The fact that it might be spinning up a gVisor environment with an ephemeral filesystem to parse data in some Python library... or using voodoo magic; it's all the same to her. It's the same to the junior business analyst, and, so long as it doesn't spill nonsense, it's the same to the stakeholder at the top of the management matrix who has to make a decision based on the data provided to them.

This is not to diminish either the purpose or ability to produce qualitative analysis from anyone; in fact, I am very purposefully taking the stand of minimising the impact and purpose to make a point: it need not be as complicated as it once needed to be. The tools are easier, but also, we have learned we do not need much from our data; it is a simple representation of the current reality of something; a business consideration or your mom's finances.

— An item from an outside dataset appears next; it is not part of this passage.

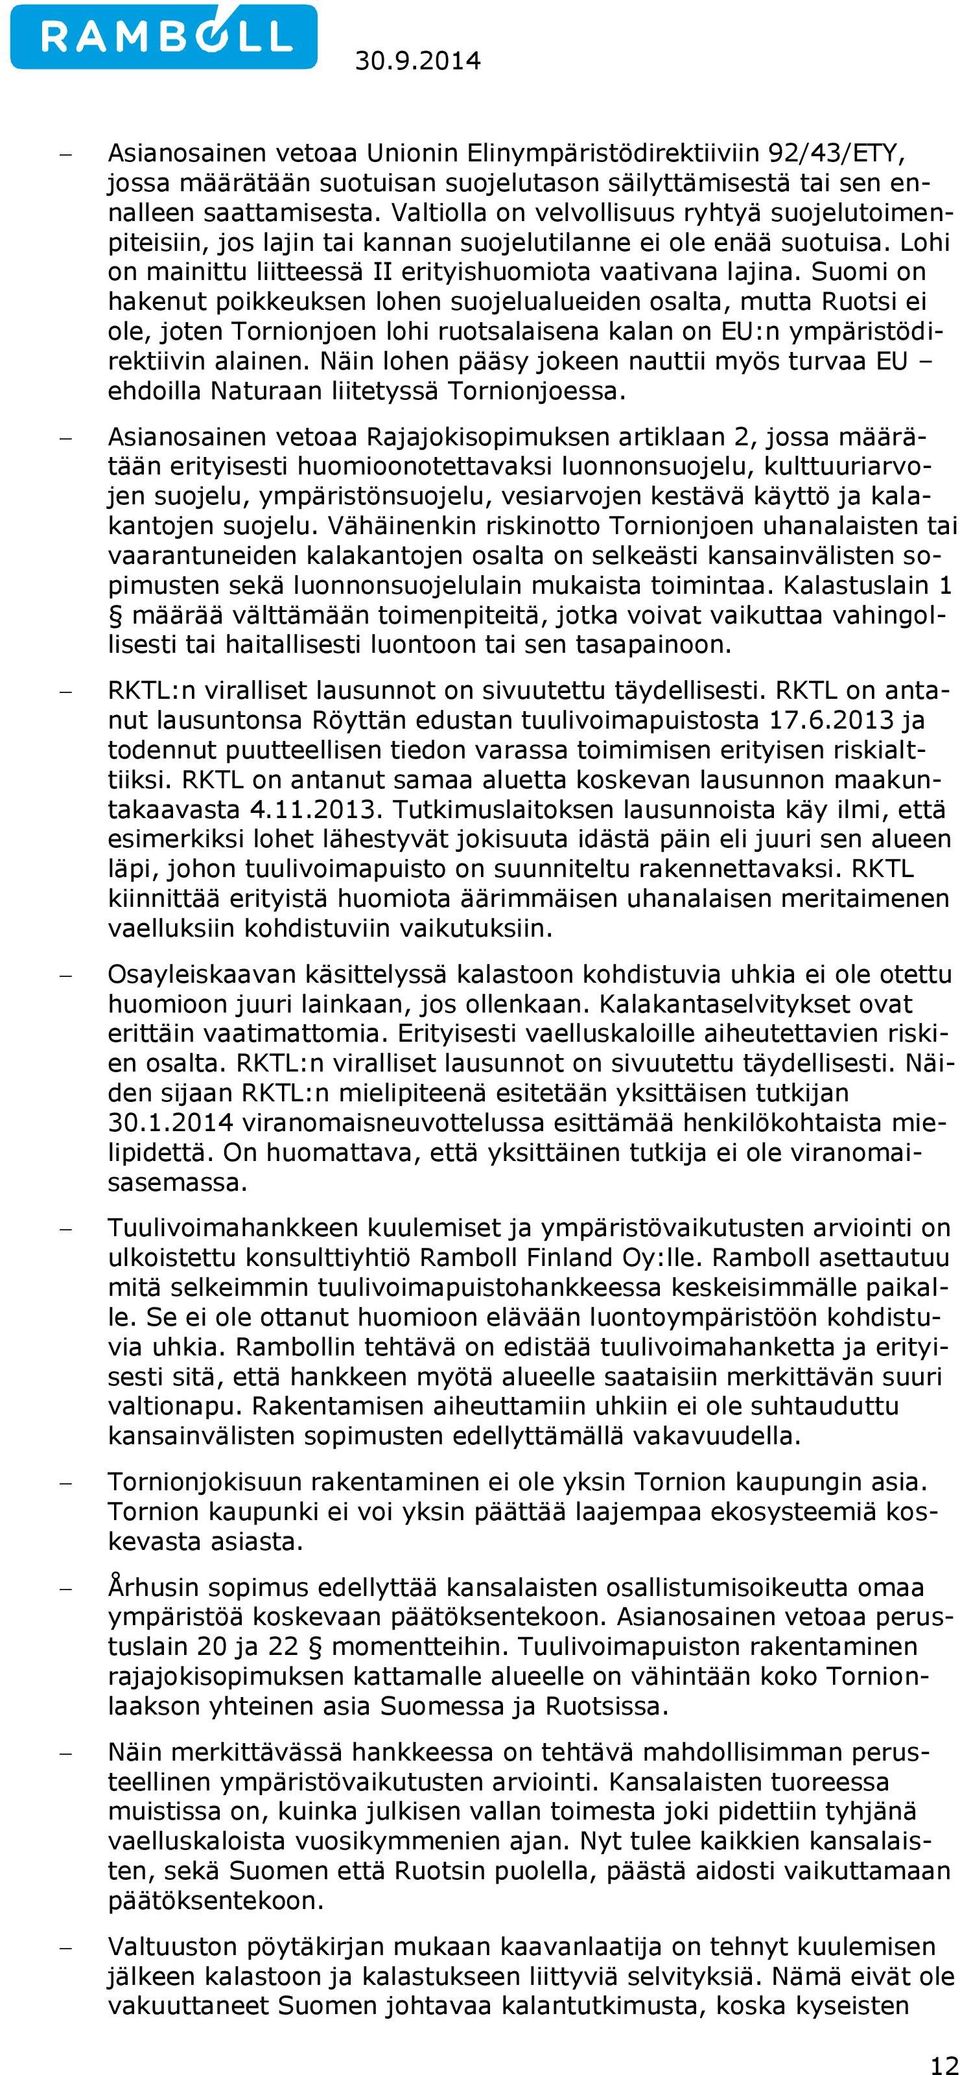 Suomi on hakenut poikkeuksen lohen suojelualueiden osalta, mutta Ruotsi ei ole, joten Tornionjoen lohi ruotsalaisena kalan on EU:n ympäristödirektiivin alainen.
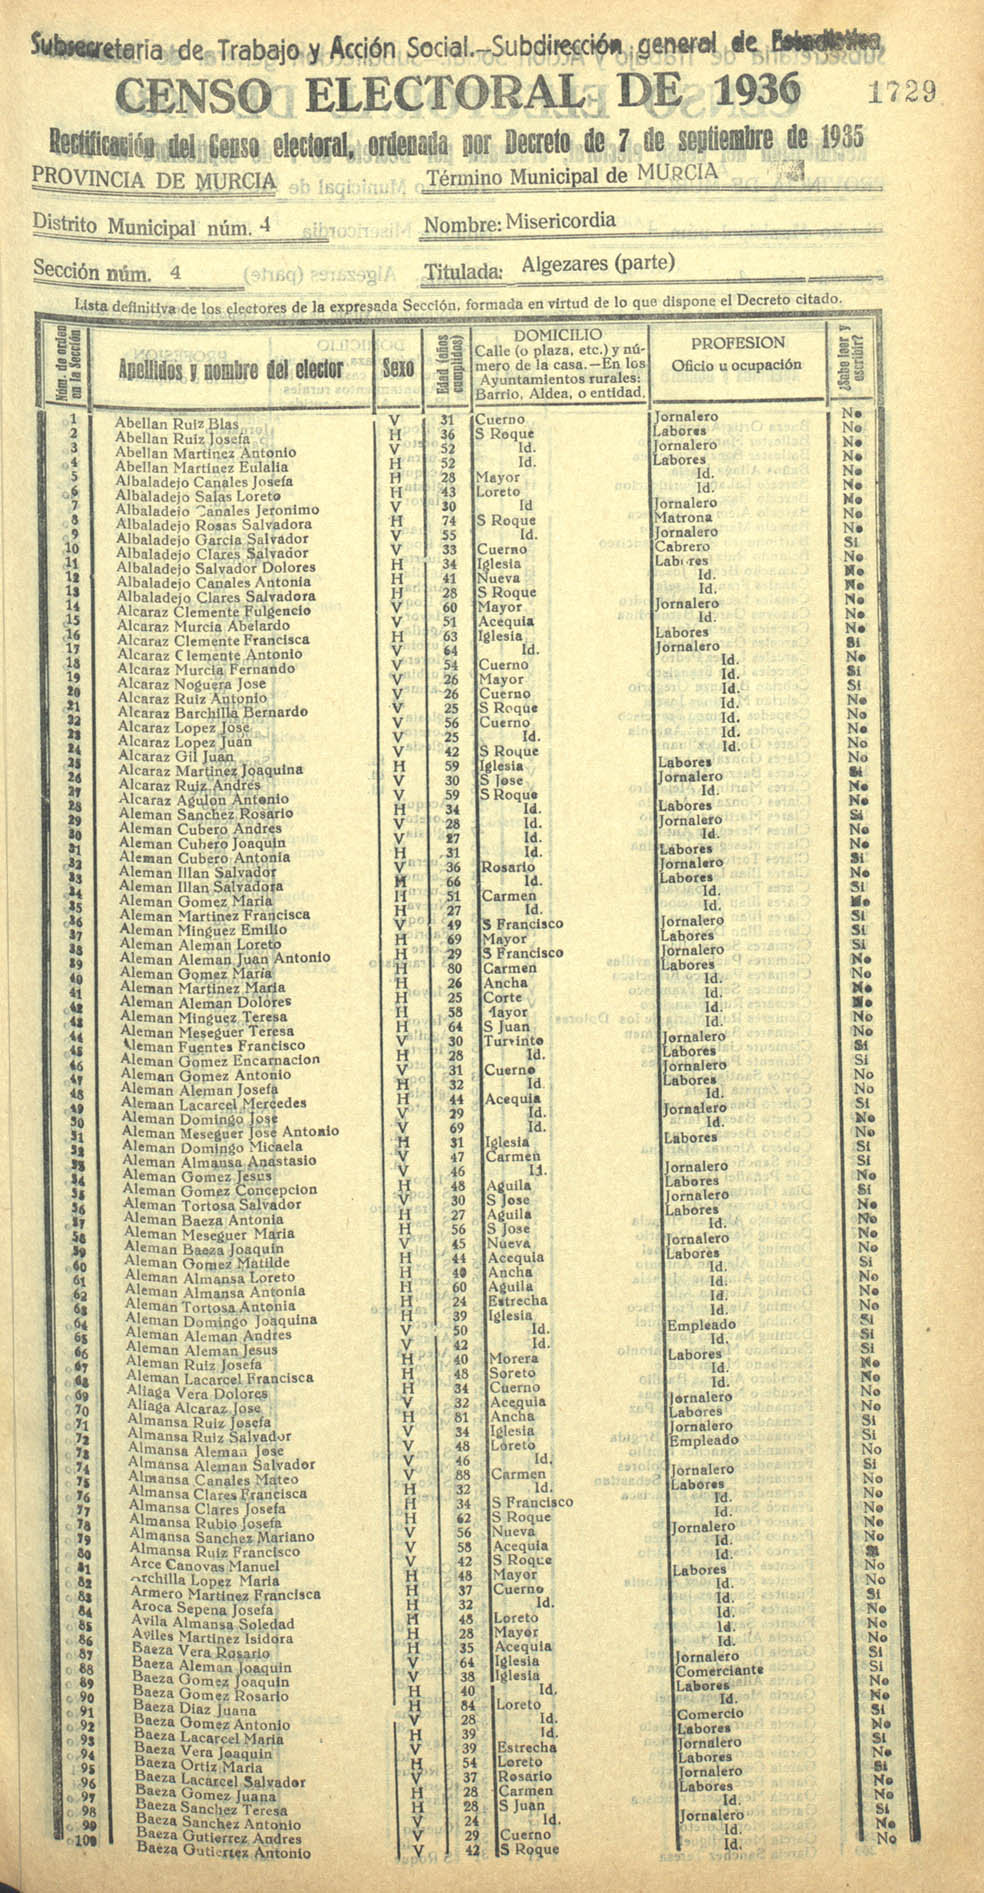 Censo electoral provincial de 1936. Murcia. Distrito 4º, Misericordia. Sección 4ª, Algezares (parte)

Some organisations are expected to need more, perhaps: the governmental agencies in charge of your taxes, the military, the company that provides video and audio media content to half of the western hemisphere. But most, really, just need a few metrics provided to them in a consistent and simple form.

Failing Upward Into Obsolescence

Now the biggest architects of the very impressive era of technology we are living in are the ones that built that complexity in the first place. There needed to be Hadoop for the data lake to exist. There needed to be the entire distributed analytics era for DuckDB to emerge and tell everyone they never needed it. There needed to be LLMs to realise you don't need that much processing to get insights. It's an ongoing process.

The current issue with that process is that most organisations responsible for providing those technologies are in a literal quagmire; their investors and their employees are sold on the idea that there is an infinite amount of growth to get from an infinite amount of data that will be generated. Nobody can price themselves down in the modern data stack. But truth be told, a company like Databricks acquiring Neon, a serverless Postgres provider, is an admission of failure to a degree, it says “maybe people did not need that much of the other things we were selling.” They are trying to escape their own stack.

A New Modern Modern Data Stack

Here is the kicker - this story has been told before. Oracle told everyone that a database was a six-figure requirement. MySQL and Postgres entered the chat. Hadoop convinced the world everything was a distributed system; Spark came. The MDS sold us on complex DAGs, connectors, and data models. Then Fivetran merged with dbt - “merged” being the polite word for when the CEO chair goes to one side - in the hope that one of them would survive - and their press release promptly announced they'd be building “open data infrastructure” that “unifies data movement, transformation, metadata, and activation.” Four nouns to say “pipe and query.”

This does not mean nobody will ever need a database, or a query engine, or a lakehouse, or an orchestrating tool, or Looker, but that the path from “data is produced” to “data is consumed” is getting much cheaper, much simpler, and much more accessible to a wider audience.

So here is my modest-ish contribution to the debate: the new modern stack is storage, some query, and an LLM on top. Pick whichever flavour you want; even the LLM will eventually get commodified. You, however, will still need to show what the conversion rate or CTR or stock level is. Businesses are made of real things that people buy and consume.